Savaşmayı daha fazla toprağa sahip olmanın ötesine geçirip düşmana, bazen de sivil halka vahşet uygulamaya ilerletince, vahşetin tarihini yazan aktörler tarihten kaçamıyor...
Savaş, savaş alanından çıkıp sivillere bulaşınca ve öfke halklara yöneltilince, vahşetin tarihi de yazılmaya başlanıyor ve sivillere acımamasıyla bilinen Cengiz Han, kelleden kuleler yapan Emir Timur akıllara geliyor
İnsanoğlunun farklı toplumlar olarak birbiriyle durmaksızın savaşması ve ülke edindiği toprakların sınırını genişletme, kaynaklarını artırma ve güvenliğini sağlama arzusuyla büyümek istemesi dünya tarihinin özetidir.
Savaş, savaş alanından çıkıp sivillere bulaşınca ve öfke halklara yöneltilince vahşetin tarihi de yazılmaya başlar...
Savaş meydanının dışında, sivillere yapılan türlü işkencelerle doludur dünya tarihi. Bu düşüncelerle vahşetin tarihini düşününce sayısız örnek doluşuyor insanın zihnine.
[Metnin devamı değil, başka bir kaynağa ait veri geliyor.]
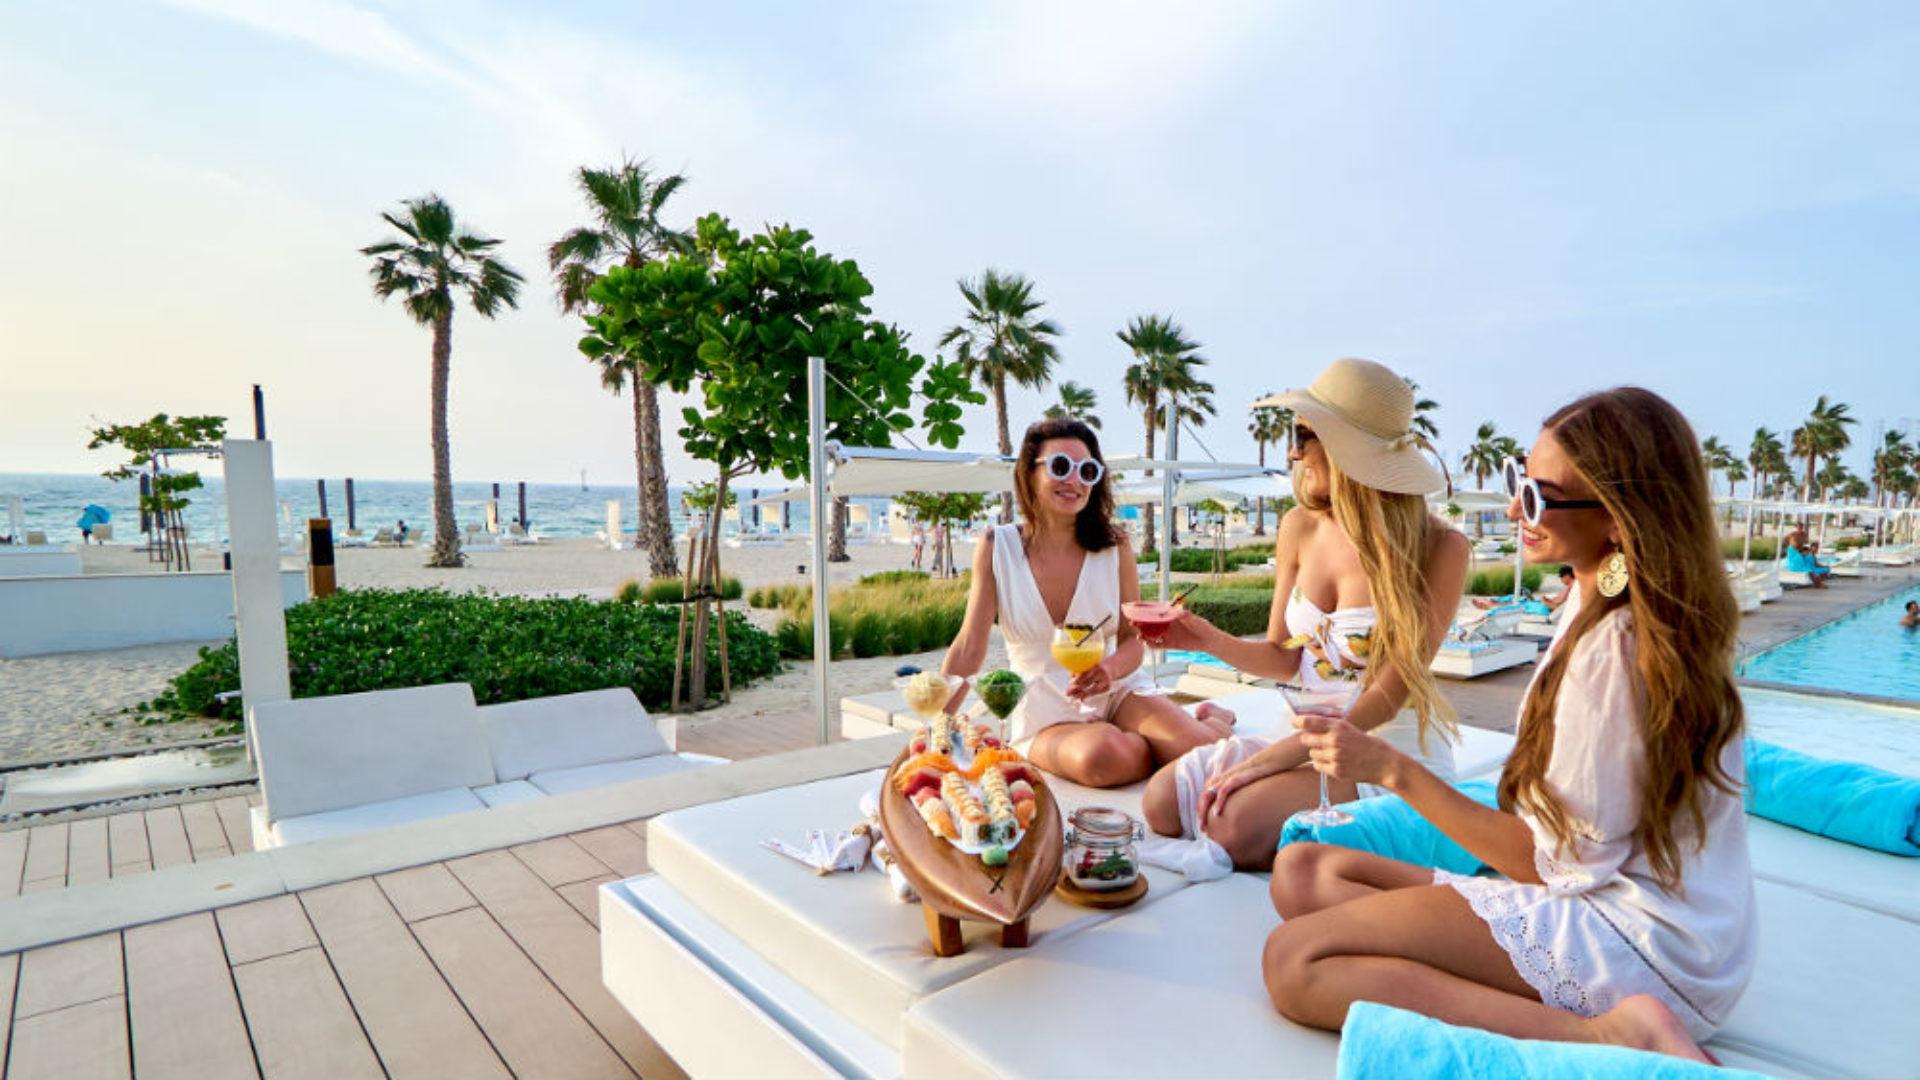 Girlfriends on a sun lounge at Nikki Beach Resort & Spa

Tarih içinde vahşeti düşünürken, doğal olarak savaş alanının dışında insanın insana uyguladığı zulüm değerlendirilir. Düşmanı yenmiş olsa dahi, canını hunharca almak da, düzene karşı gelenlerin ibret olacak şekilde cezalandırılması da buna dahildir. Kudretin, gücün sembolü olarak şiddetli cezalandırma, otoritenin yönetilene mesajı, yöneticiye adaleti sağlamanın zorunluluğu, düşmana da gücünün gösterisi olmuştur. Örneğin Pers Krallığı’nda rüşvet alan hakimin derisinin yüzülmesi, sonradan göreve gelecek hakimin bu deriden yapılmış koltuğa oturtulması, caydırıcılığı örnekleyecek bir olaydır. Fakat savaşta üstün gelinen başka milletlere uygulanan vahşet, orduların şanının sembolizesi olmuştur. Yüzbinlerce kişiye kıyan Moğollar ve kelle kesmeyi imzası gibi gören Karadağlar buna en açık örnektir.
KAFA KESMENİN TARİHÇESİ
Bu yazı, her ne kadar “kafa kesmenin tarihçesi” olmasa da, tarihte vahşet denilince kelleden kuleler düşünülmeden olmaz. Kafa kesmenin insanlık tarihi boyunca var olduğunu Mısır Kralı Ramses’in elinde baltayla bir esirin saçından tuttuğu freskle anlıyoruz. Antik çağdan beri bir cezalandırma yöntemi olan kafa kesme, kimi toplumlarda esirlere, kiminde ise soylulara uygulanıyordu. Kılıç ya da giyotinle kesmek, kafası kesilen kişiye daha az acı çektirdiği için ayrıcalıklı bir ölümdü. Fransız İhtilali’nin armağanlarından giyotin, soyluların canını daha az yakarak almak için uygulanan bir yöntemdi. İlgi çekici bir konu olarak “kafa kesmenin tarihçesi”, mitolojiden başlayarak çok geniş bir zaman diliminde pek çok toplum ve kültürden örneklerle doludur.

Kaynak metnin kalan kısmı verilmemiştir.